Głos Edelkoort doczekał się już polemik (np. Natalii Hatalskiej). Nie wchodząc w spekulację na temat wizji przyszłości trudno jednak zaprzeczyć, że doświadczenie epidemii w oczywistym stopniu wymusza na każdym z nas gwałtowne przewartościowanie – rewizję stylów życia, tego jak pracujemy, jak jemy, jak podróżujemy i jak odpoczywamy. Edelkoort nazywa to celnie „kwarantanną konsumpcji” – swoistym powrotem do fundamentów piramidy Maslowa, do świadomego przeżywania troski o swoje zdrowie, bezpieczeństwo, relacje z najbliższymi. Wybór nowego auta, lodówki, smartfonu czy ciuchów z dnia na dzień stały się czymś śmiesznym, abstrakcyjnym.
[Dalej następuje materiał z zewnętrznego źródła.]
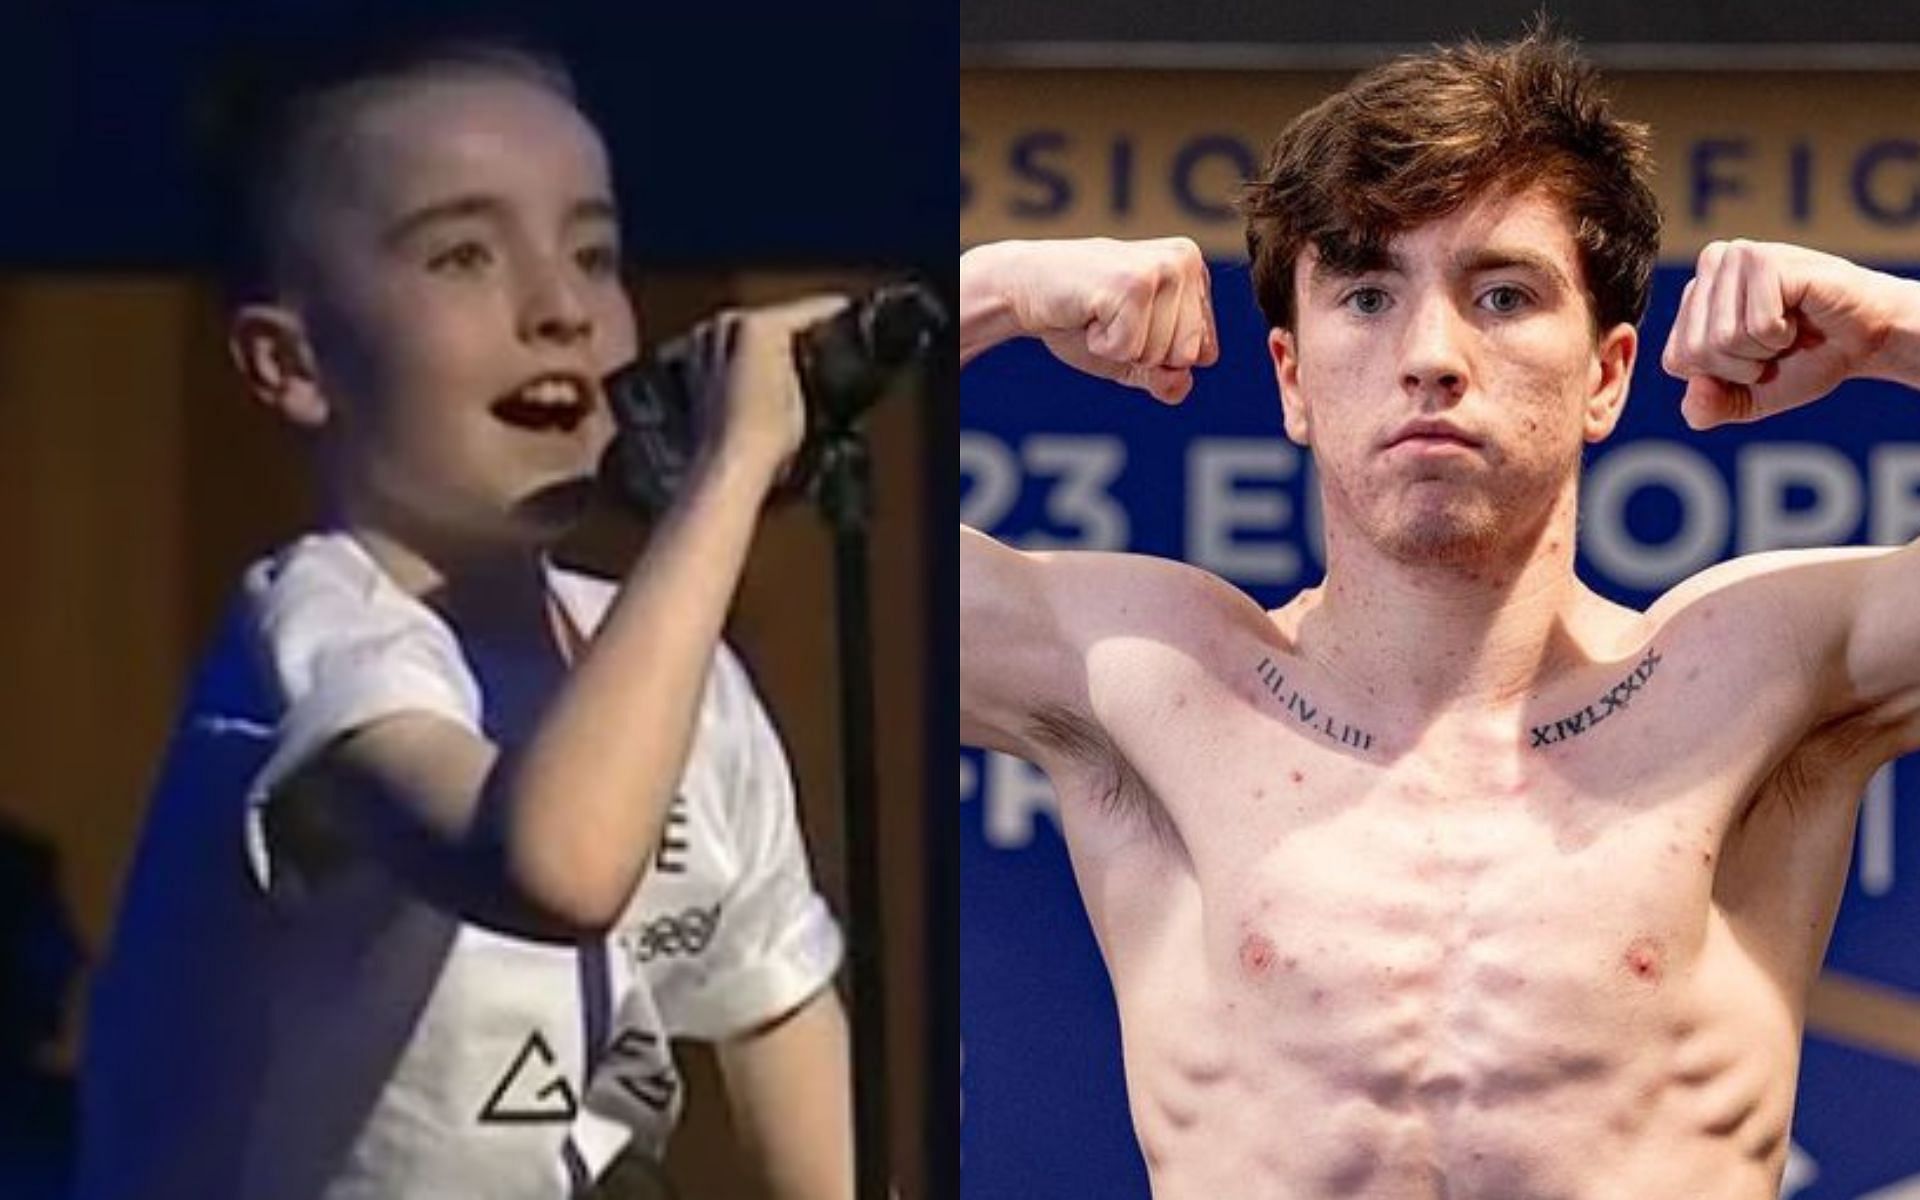 A young Nate Kelly (left) Nate Kelly now (right) [Image courtesy @MirrorFighting on YouTube and @natekellymma on Instagram]

Czy taka zmiana przerodzi się w trwały nawyk? Tu również byłbym sceptykiem. Nie jestem zresztą pewien czy o to Edelkoort chodziło. W moim odczuciu analityczka raczej wskazuje na tu i teraz – na to, co już dzisiaj musimy objąć wzrokiem i co przez najbliższe miesiące będziemy praktykować. Jesteśmy po prostu zmuszeni oduczyć się potrzebować, uczyć się sobie odmawiać, wydobywać przyjemność z doświadczeń prostych, ubogich. I wielu z nas oczywiście temu nie podoła. Kiedy się okaże, że świat nie wraca do „normy”, dzisiejsza nadzieja, determinacja i optymizm, manifestowane zewsząd na facebooku, łatwo się mogą przemienić w lęk i desperację.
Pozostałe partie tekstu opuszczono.